THE DANGEROUS IDIOCY of global leadership:

The brewing popular rebellions against incumbent leaders throughout the Western world—from the United States to Germany to Great Britain to Italy—are, despite their different forms and circumstances, a rejection of post-national leadership so in vogue over the past decades. What increasingly larger swaths of Western electorates are indicating is that they do not want global leaders who seek global solutions to purportedly global problems, are critical of national borders, and are disdainful if not outright fearful of expressions of patriotism. They want national leaders—leaders, that is, who put them, their own nations, above other nations and other concerns.

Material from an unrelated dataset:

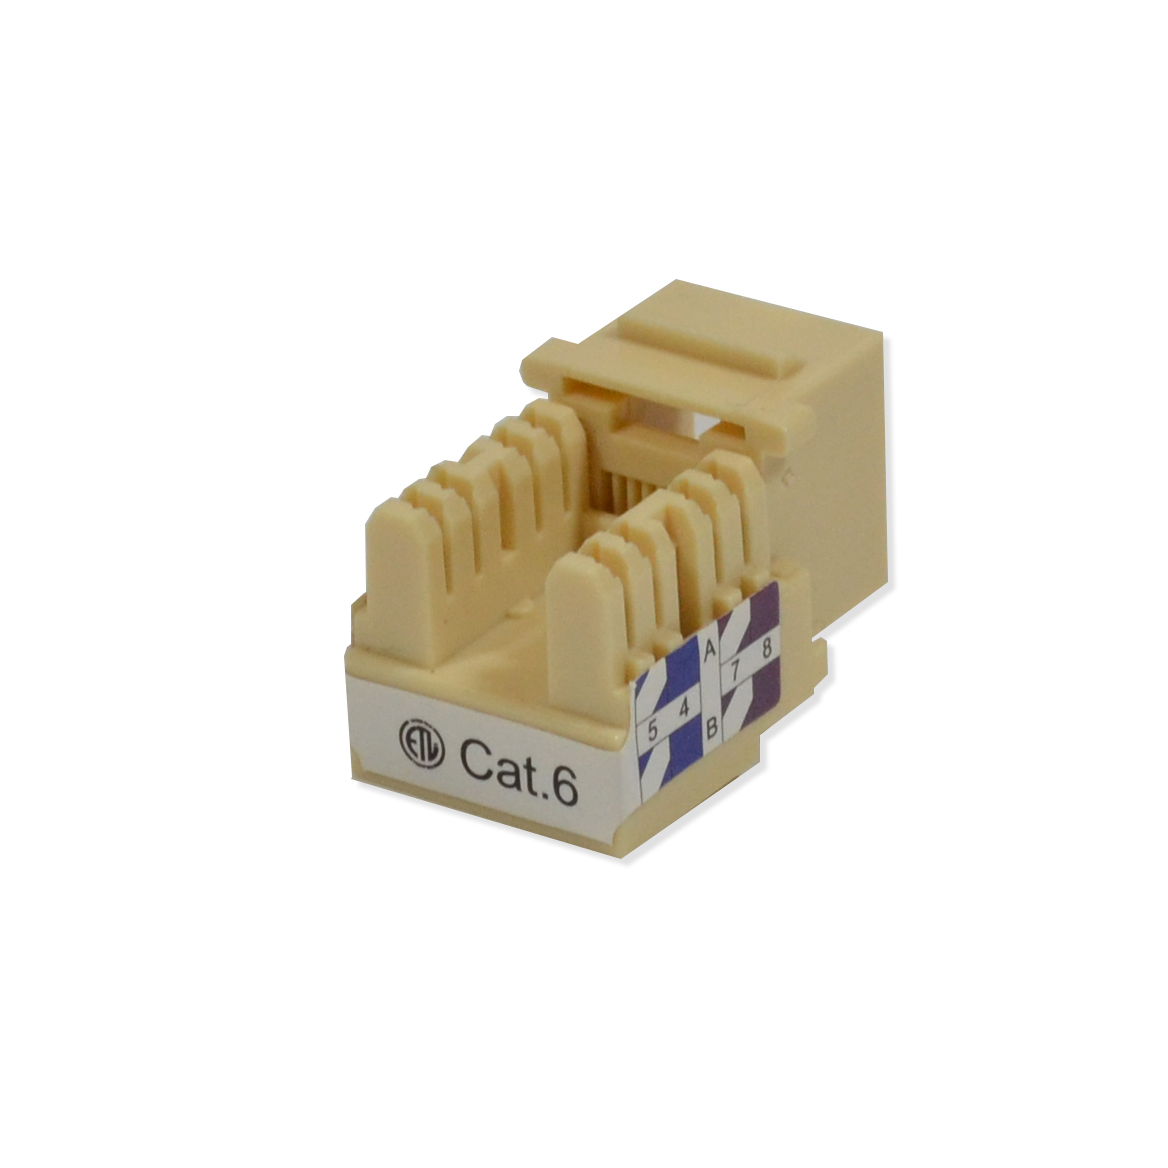 25 Pack Lot Keystone Jack Cat6 Ivory Network Ethernet 110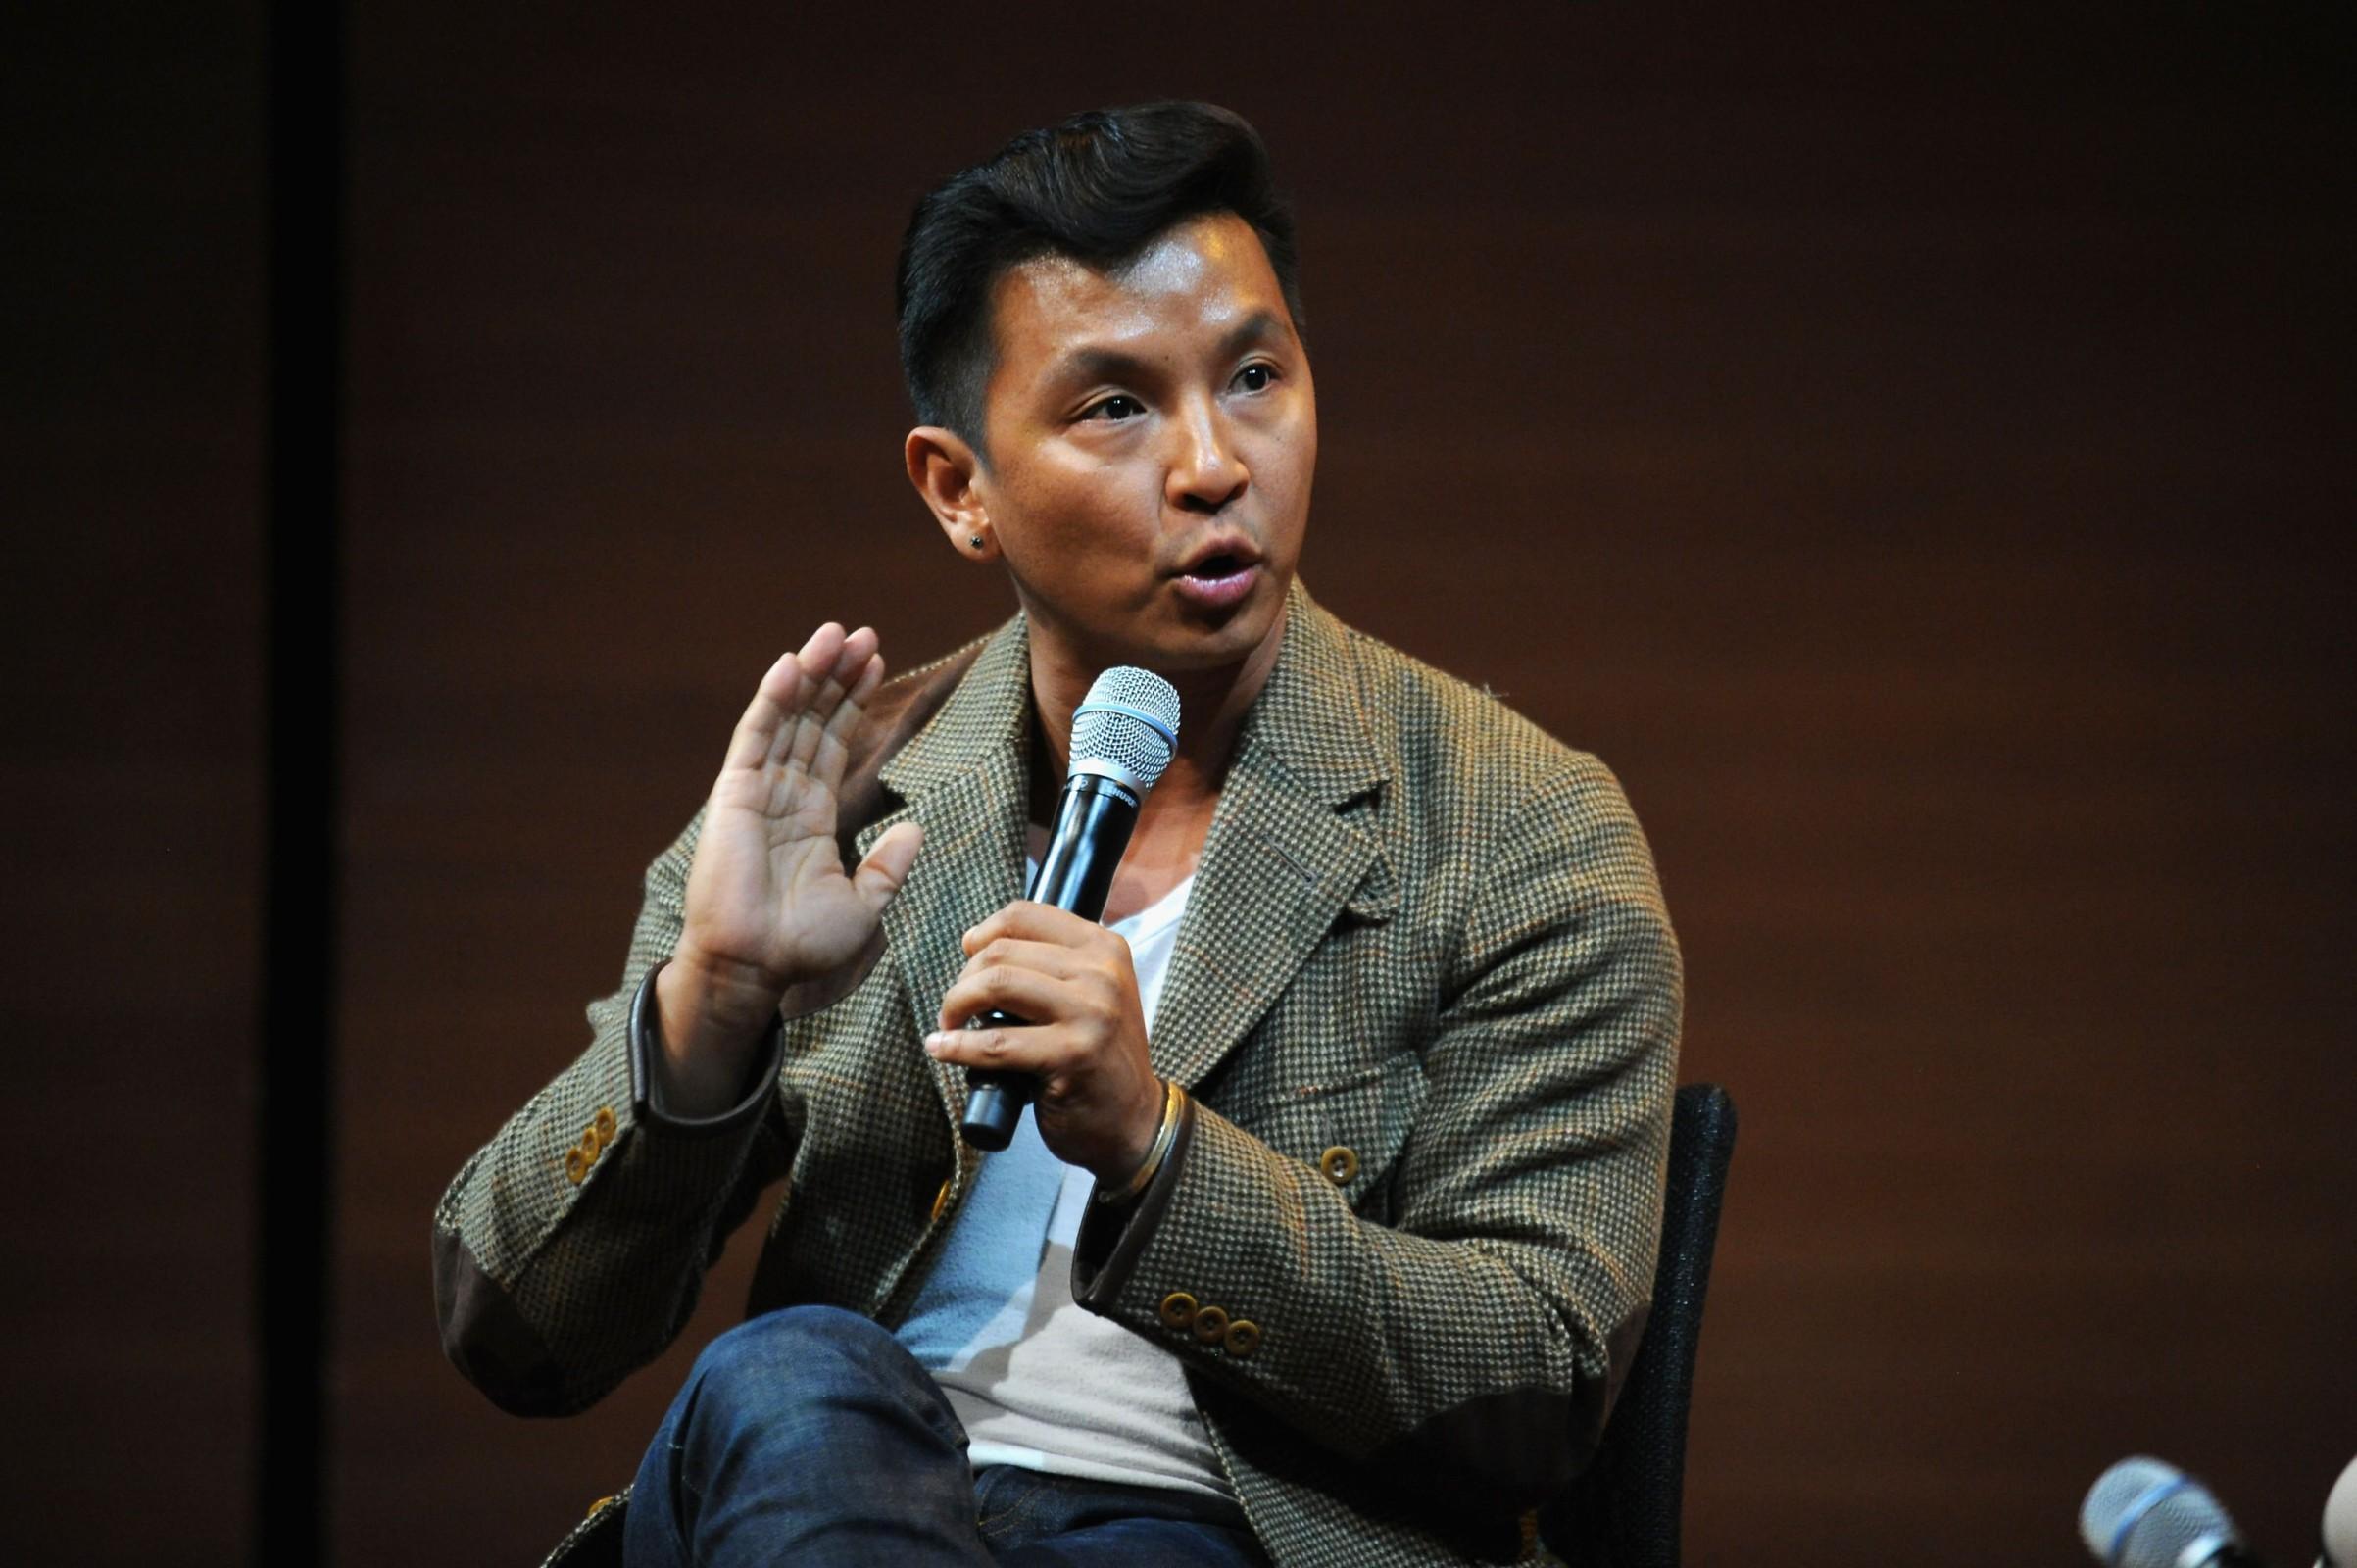 Prabal Gurung Raises Thousands for Nepal

The difference between global and national leaders does not reside in specific policies, such as free trade or a country’s international role and its military presence abroad. Those are issues over which wise individuals can have reasonable disputes, and often agreement is found across political aisles. It would be simplistic therefore to insist that national leaders, by virtue of elevating their own nations’ interests above all else, espouse commercial protectionism, withdrawal from the world, or an abdication of the use of force. Some do, but not all, the same way that some leaders who seem more concerned about global challenges (usually defined by nouns, rather than actors: climate change, poverty, population growth, and so on) do not in unison support free trade or military intervention and support for allies.

Rather, the difference lies in whom a leader considers his community—the group he seeks to protect and whose welfare he wants to promote.

Political leadership requires discrimination. A leader in charge of a state has to determine whom he will defend and whose welfare he will seek to promote. This is what sustains his legitimacy and appeal, and it is the primary task of a political leader. Much of the current leadership at the helm in the West has, as Peggy Noonan observed, detached itself “from the bottom, feeling little loyalty to it or affiliation with it.”

And the plebs are returning the favor.